◆ **SUPPLIED DATA**:
▼

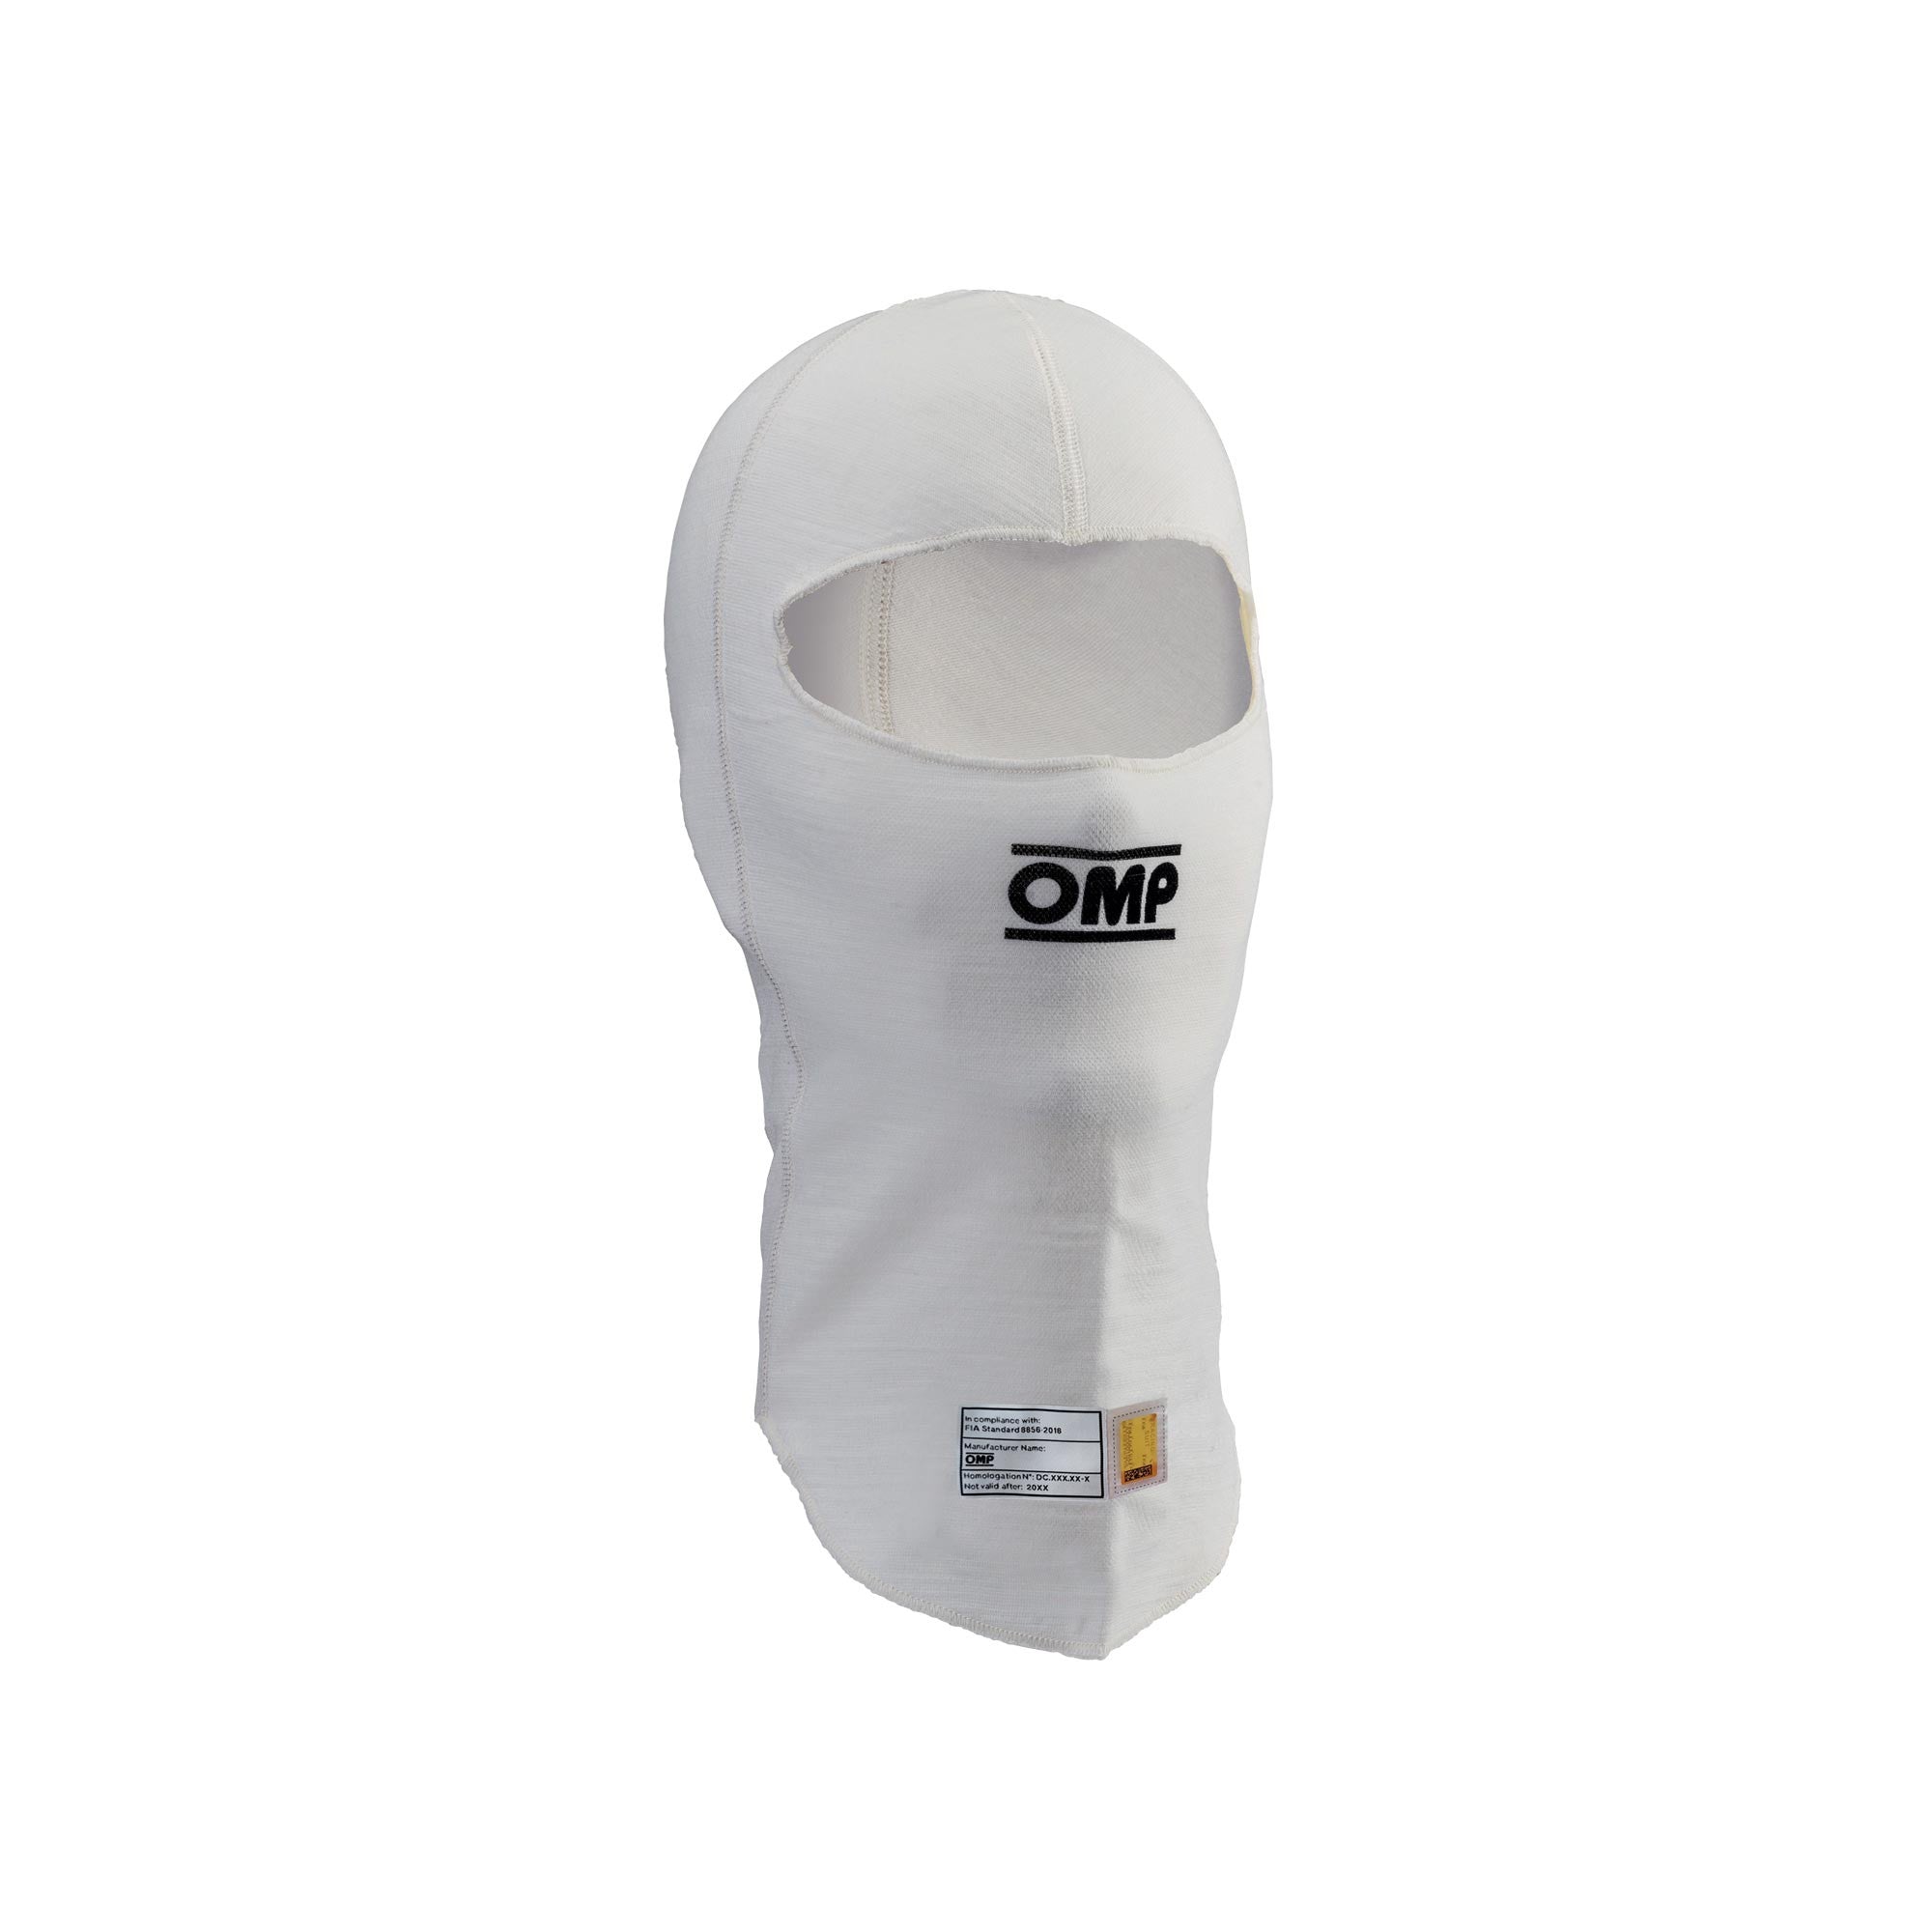 OMP NOMEX BALACLAVA ONE EVO - Paragon Competition Racing Equipment & Racing Safety Supplier
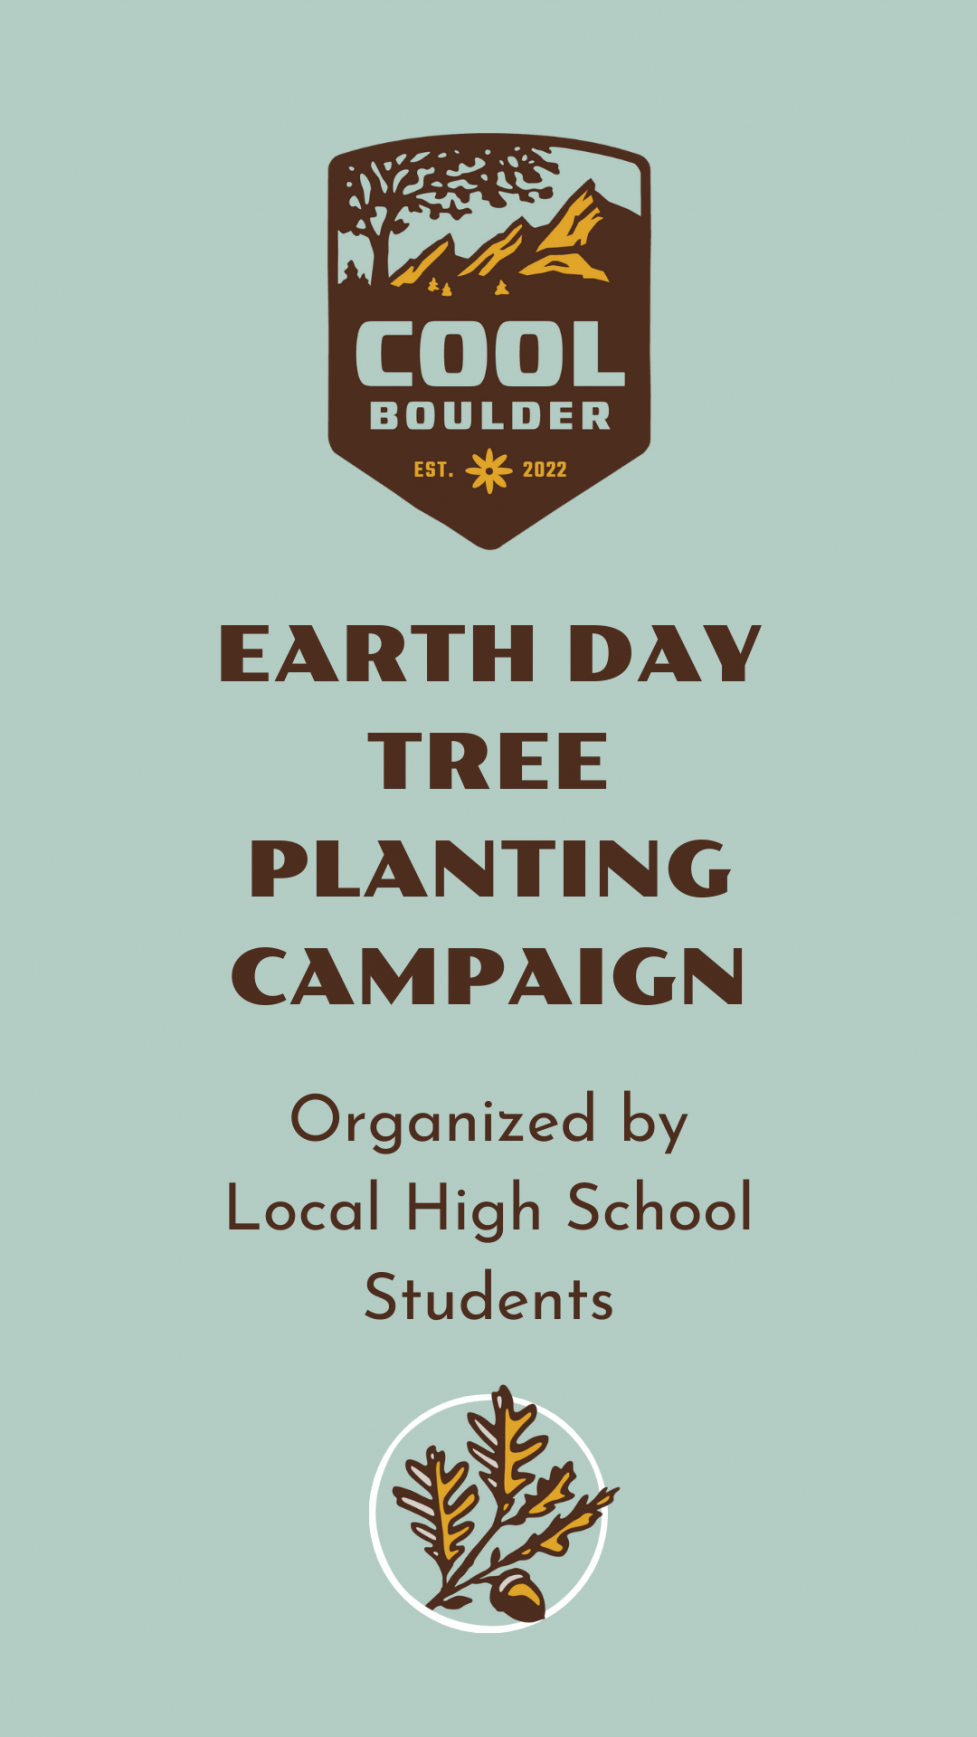 Earth day tree planting campaign organized by local high school students
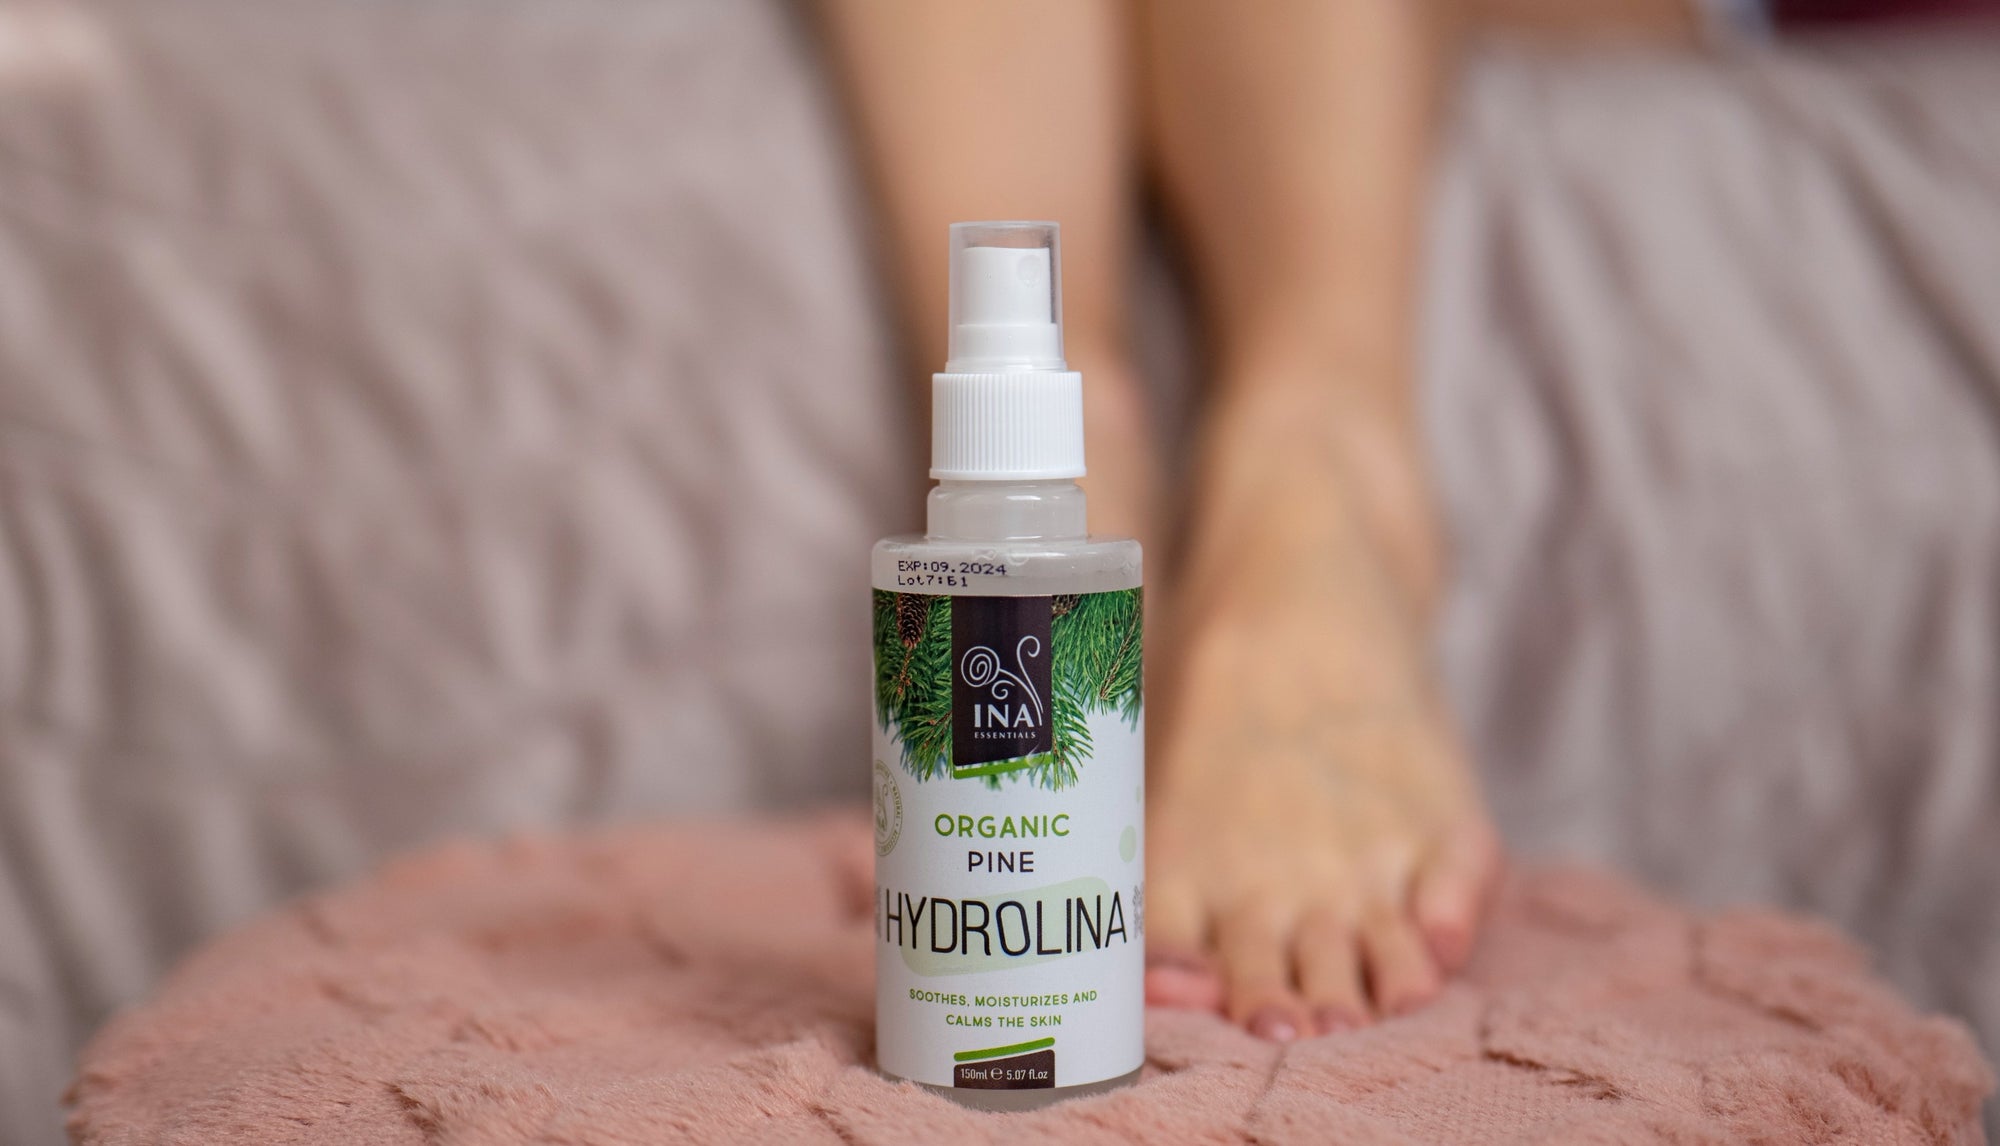 The Solution to Nail Fungus and Smelly Feet: Organic White Pine Hydrolina

▲

Restate word for word the lines from the one containing "Earth day tree" through the end of the material above, both included, and nothing besides; drop the pictures.

 Earth day tree planting campaign organized by local high school students
 The Solution to Nail Fungus and Smelly Feet: Organic White Pine Hydrolina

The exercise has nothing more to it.